Maturities and Capacity
The Company’s outstanding debt as of December 31, 2020 matures as follows (in millions):
| | | | | | | | | | | | | | | | | |
| Non-recourse Vacation Ownership Debt | | Debt | | Total |
Within 1 year | $ | 369 | | | $ | 256 | |
| $ | 625 | |
Between 1 and 2 years | 341 | | | 656 | | | 997 | |
Between 2 and 3 years | 223 | | | 954 | | | 1,177 | |
Between 3 and 4 years | 224 | | | 301 | | | 525 | |
Between 4 and 5 years | 241 | | | 622 | | | 863 | |
Thereafter | 836 | | | 1,395 | | | 2,231 | |
| $ | 2,234 | | | $ | 4,184 | | | $ | 6,418 | |
Required principal payments on the non-recourse vacation ownership debt are based on the contractual repayment terms of the underlying VOCRs. Actual maturities may differ as a result of prepayments by the VOCR obligors.
As of December 31, 2020, the available capacity under the Company’s borrowing arrangements was as follows (in millions):
| | | | | | | | | | | |
| Non-recourse Conduit Facilities (a) | | Revolving Credit Facilities (b) |
Total capacity | $ | 1,031 | | | $ | 1,000 | |
Less: Outstanding borrowings | 341 | | | 547 | |
Less: Letters of credit | — | | | 96 | |
Available capacity | $ | 690 | | | $ | 357 | |
(a)Consists of the Company’s USD bank conduit facility and AUD/NZD bank conduit facility. The capacity of these facilities is subject to the Company’s ability to provide additional assets to collateralize additional non-recourse borrowings.
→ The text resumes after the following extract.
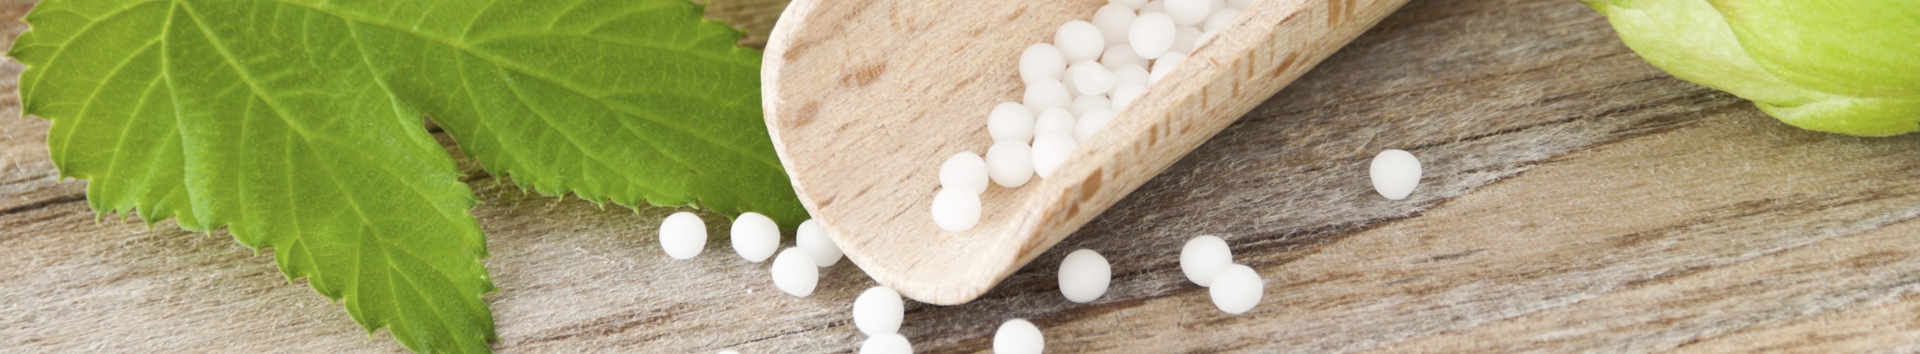 A Homeopatia pode curar o estresse infantil?

(b)Consists of the Company’s $1.0 billion secured revolving credit facility.
Non-recourse Vacation Ownership Debt
As discussed in Note 17—Variable Interest Entities, the Company issues debt through the securitization of VOCRs.
Sierra Timeshare 2020-1 Receivables Funding, LLC. On April 29, 2020, the Company closed on a private securitization financing, issued by Sierra Timeshare 2020-1 Receivables Fundings LLC, with an initial principal amount of $325 million, which are secured by VOCRs and bearing a floating interest rate of 3.50% as of December 31, 2020. The advance rate for this transaction was 85%. As of December 31, 2020, the Company had $222 million of outstanding borrowings under these term notes, net of debt issuance costs.
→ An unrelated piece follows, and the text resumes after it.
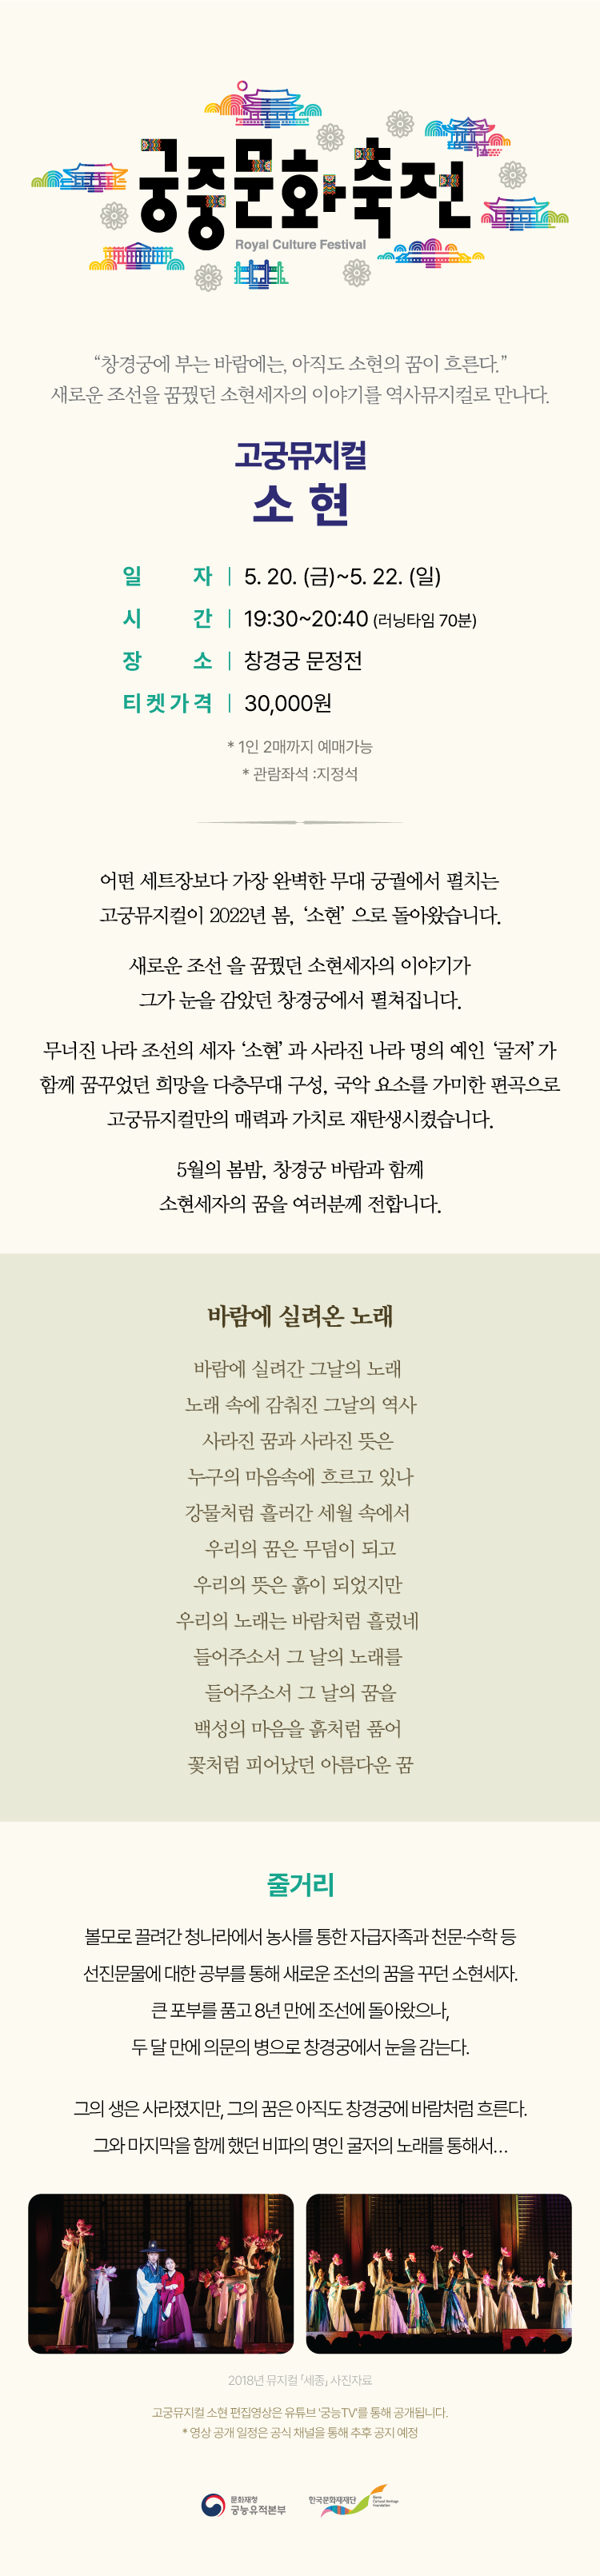 고궁뮤지컬 '소현' 웹페이지

Sierra Timeshare 2020-2 Receivables Funding LLC. On August 13, 2020, the Company closed on a placement of a series of term notes payable, issued by Sierra Timeshare 2020-2 Receivables Funding LLC, with an initial principal amount of $575 million, which are secured by VOCRs and bear interest at a weighted average coupon rate of 2.81%. The advance rate for this transaction was 90%. As of December 31, 2020, the Company had $479 million of outstanding borrowings under these term notes, net of debt issuance costs.
Term Notes. In addition to the 2020 term notes described above, as of December 31, 2020, the Company had $1.19 billion of outstanding non-recourse borrowings, net of debt issuance costs, under term notes entered into prior to December 31, 2019. The Company’s non-recourse term notes include fixed and floating rate term notes for which the weighted average interest rate was 4.5%, 4.5%, and 4.1% during 2020, 2019, and 2018.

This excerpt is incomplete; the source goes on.